Within no time Naren hot-wired the bike and it was back on the road! With Naren by your side, great things are possible...

Lesson #9: Remember lesson #6! Learn bike theory, whether it’s changing your rear tyre single handedly or hot-wiring the ignition, changing oil or adjusting brakes, if you always depend on a mechanic, you will be in trouble when bad things happen

We were not very far from home now, and we rode in, after a glorious 2600 KM or more across some of the most awesome roads in the world. Despite all the glitches and little annoyances, the trip was the best ride I ever had in my life.

Now we plan to do it again this September!


  1. wow, spectacular post! I wish I was there., I don't know anything about inside a bike, I can change the sparkplug that's all, but hey - I can ride one good!

  2. Wind talkers Salut! Awesome thou guys are.

  3. " I’ve always believed that theory is more important then practice, practice should be done after the theory is known."
    -- Hear! Hear! - a credo that is often difficult to get across to people, especially those with a history of success in 'practice'

    " with the thump of 4 Enfields and the whine of one Karizma resounding through the length."
    --- hmmm , was there a modulating ultra low frequency beat :) ?

    " With Naren by your side, great things are possible..."
    Hey Cuz, you are lucky to have a great brother!
    (and I am sure the rest of us who share your adventures vicariously feel a sense of security taking comfort that there's two of you looking out for each other :) )

  4. Since the Enfields have almost same RPM for a given speed - The RPM variation is a maximum of about 16:18 between the various engines. This causes some interesting harmonics, you have to hear it! Often in traffic I ride beside other Enfields just for the sound effects!!

  5. Amazing writeup. We are also doing this road coming June(2012) one REs. You blog is very descriptive and informative.
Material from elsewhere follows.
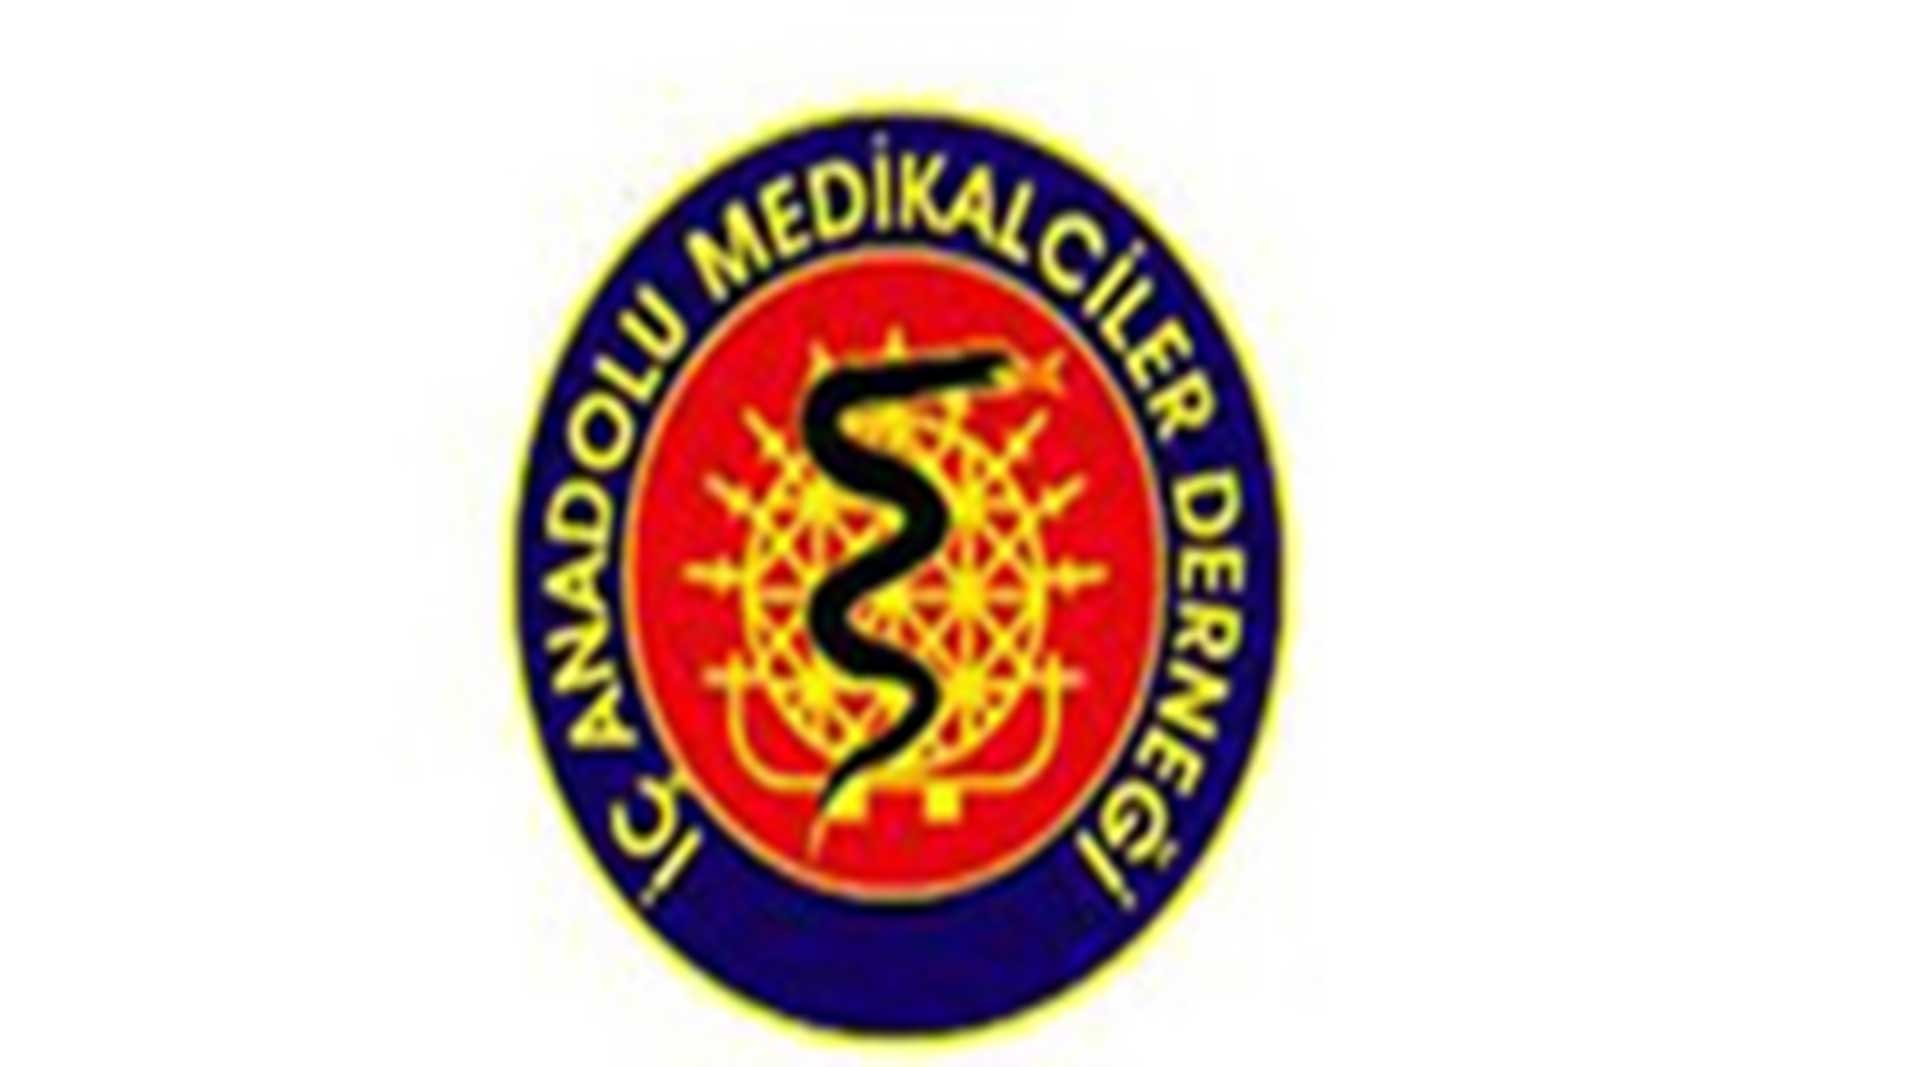 İMDER-İç Anadolu Medikalciler Derneği 19.Mart,Cumartesi

Though I had a question. Did you guys pre-book your stay at all the places, especially the military one(DRAS) where you mentioned "After what seemed like hell frozen over, we finally reached a military encampment, where we’d arrangements to stay....". Can you please let me know how you got these arrangements in place?

    Also, I have cramster Stallions with me, but I am not sure if they can sustain rough weather(rain/snow). What are your thoughts about it? Would I need a Tarpolin to cover my bags?

    Please do write back to me@ and I would be looking forward to your update.